Background
The primary objective of this study was to examine the feasibility of recruitment, retention, and delivery of biomarker feedback among men partaking in Shape Up, a physical activity for health programme. Secondarily, it explored the potential effects of biomarker feedback on participants’ adherence and motivation levels.
Methods
In this two-arm non-randomised pilot study, 46 men (mean±SD age 46.0±8.6 years) participating in the 12-week Shape Up programme were assigned to a control group or biomarker feedback group. Biomarker feedback consisted of 3 blood test panels: at baseline, 12 weeks, and 24 weeks (follow-up), each with a doctor’s report. Both groups completed questionnaires (Short Active Lives Survey [SALS], Treatment Self-Regulation Questionnaire [TSRQ], and EQ-5D-5L) to gauge levels of motivation and engagement. The mean difference was calculated between baseline and programme end. Recruitment, retention, and attendance rates were determined.
Results
Mean recruitment (approach-to-consent), retention, and attendance rates were 96.3%, 92.3%, and 83.7% in the control group, and 85.2%, 86.2%, and 81.5% in the biomarker feedback group, respectively.
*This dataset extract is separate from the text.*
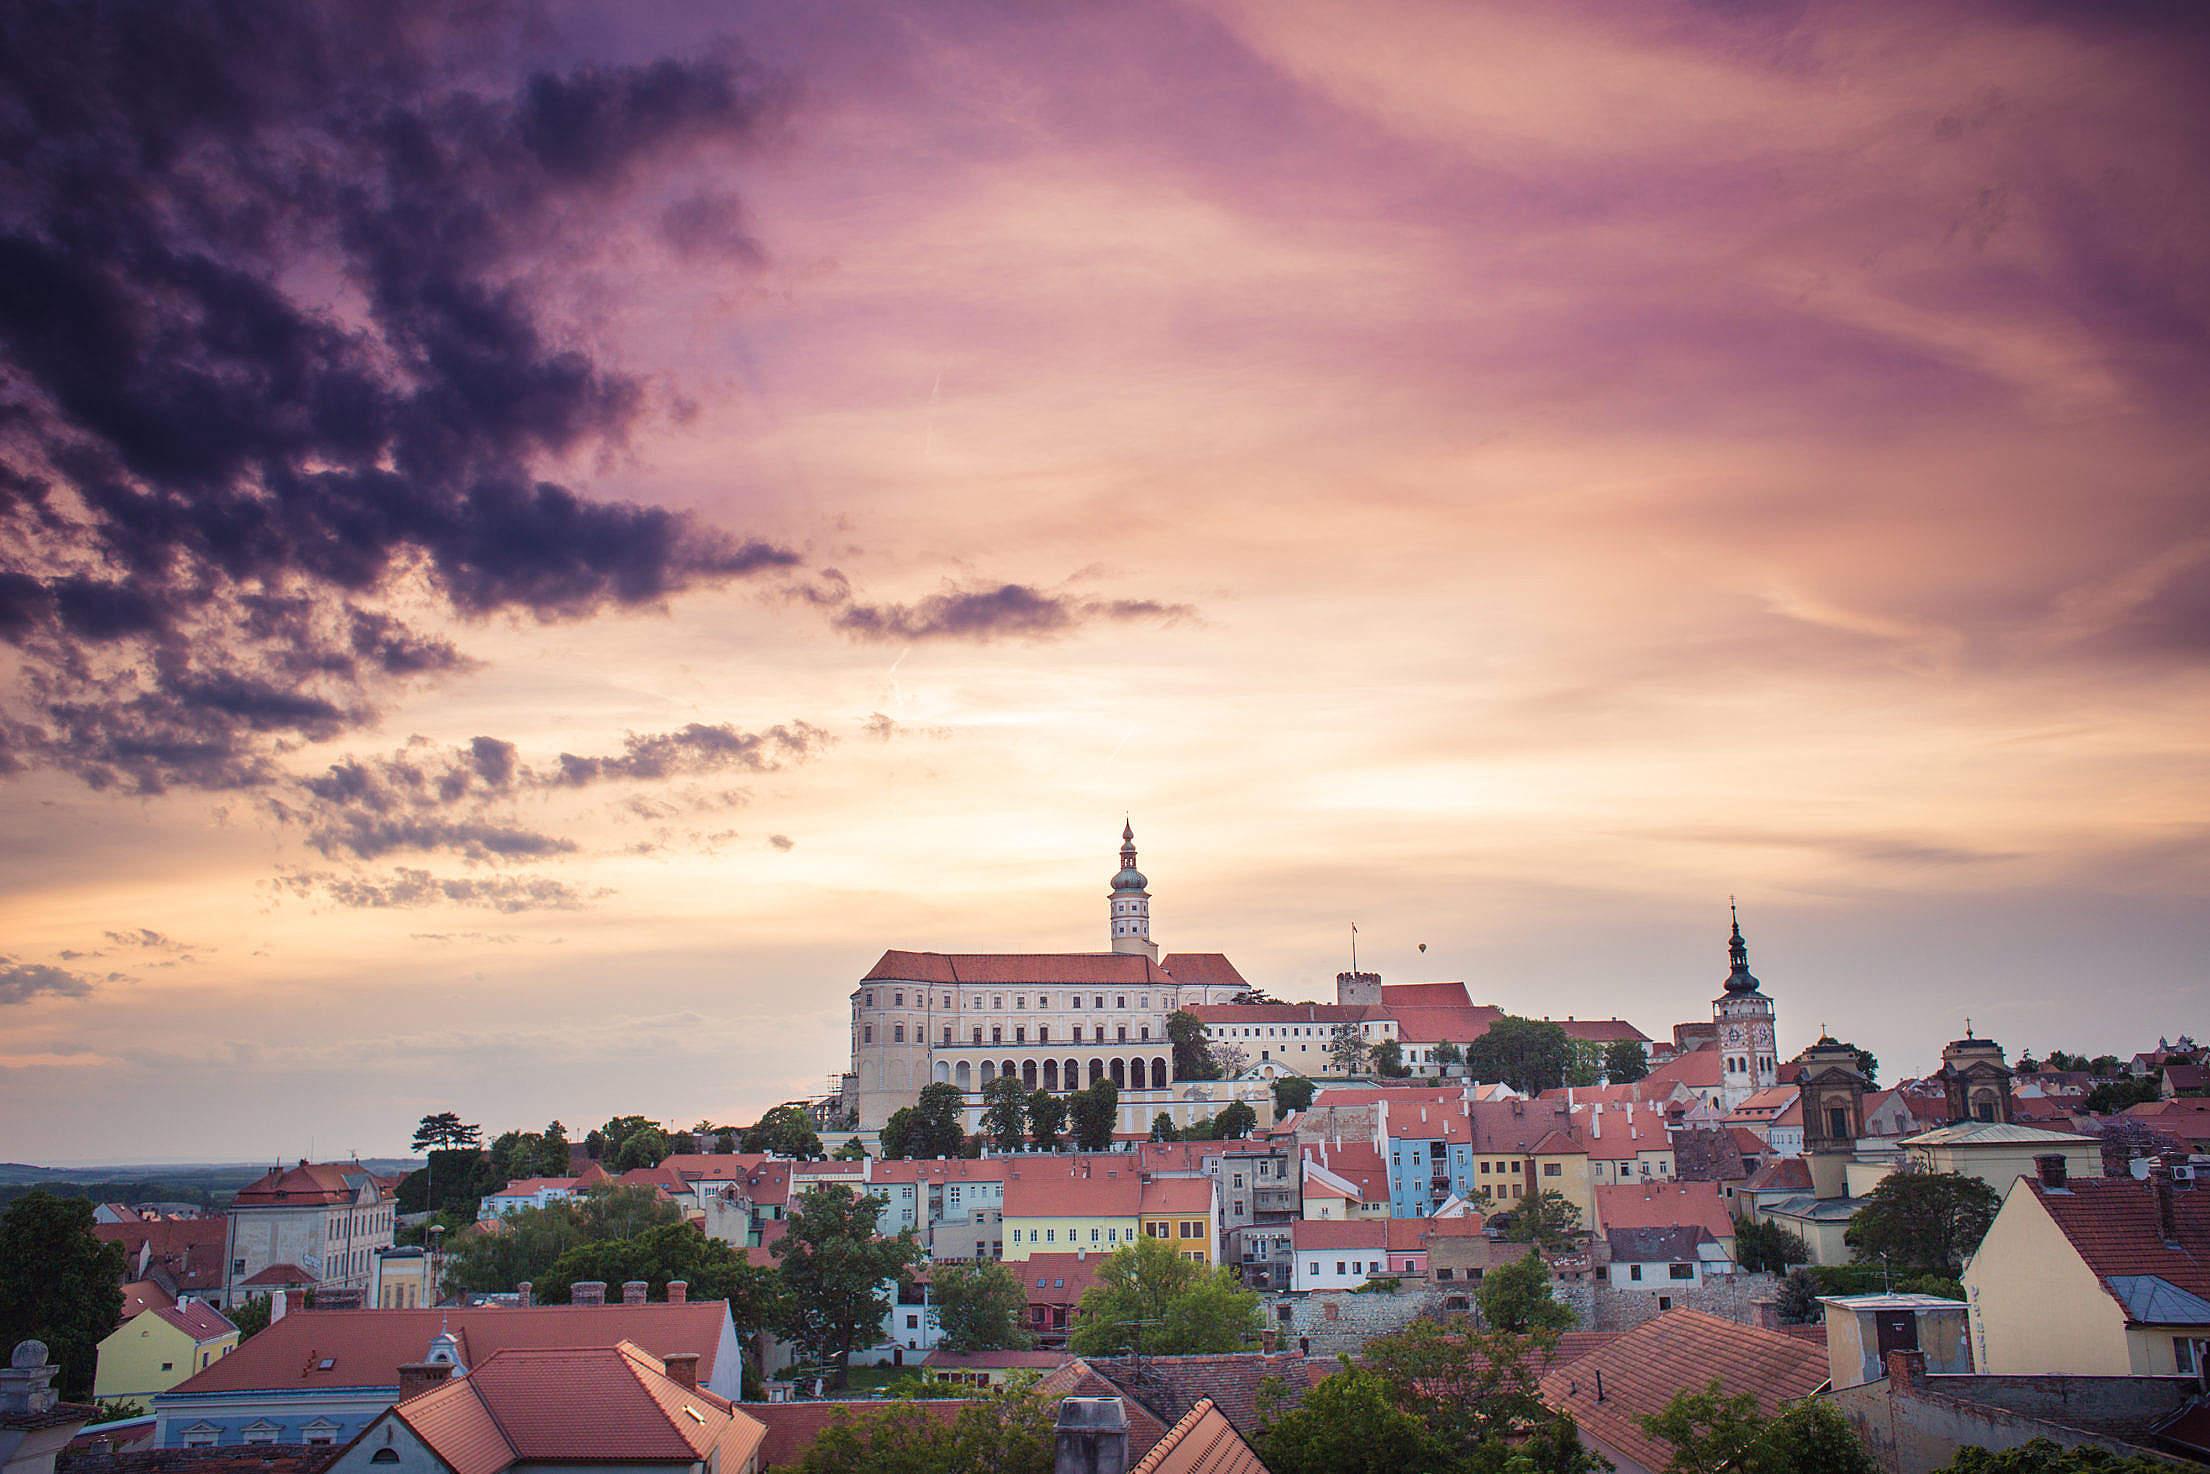 Mikulov City Landscape, Czech Republic Free Stock Photo

Of biomarker feedback group participants, 86.4% attended their 12-week blood test and 45.5% attended their follow-up blood test. The mean 12-week differences (95% CI) for the control group and biomarker feedback group were 138.1 (2.7, 273.5) and 467.3 (249.4, 685.2) for active minutes per week, 0.2 (-0.8, 1.2) and 0.4 (0.0, 0.8) for autonomous TSRQ domains, 0.2 (-0.3, 0.8) and 0.8 (0.1, 1.4) for controlled TSRQ domains, and 19 (12.7, 26.5) and 27.2 (19.8, 34.6) for EQ-5D-5L scores, respectively.
Conclusion
Biomarker feedback was well-received by participants and deemed feasible, with high recruitment and retention rates for the duration of the 12-week programme. Biomarker feedback may affect aspects of motivation but did not appear to influence adherence to the programme. Biomarker data may provide additional evidence of programme efficacy. Important design considerations are provided for definitive larger-scale trials.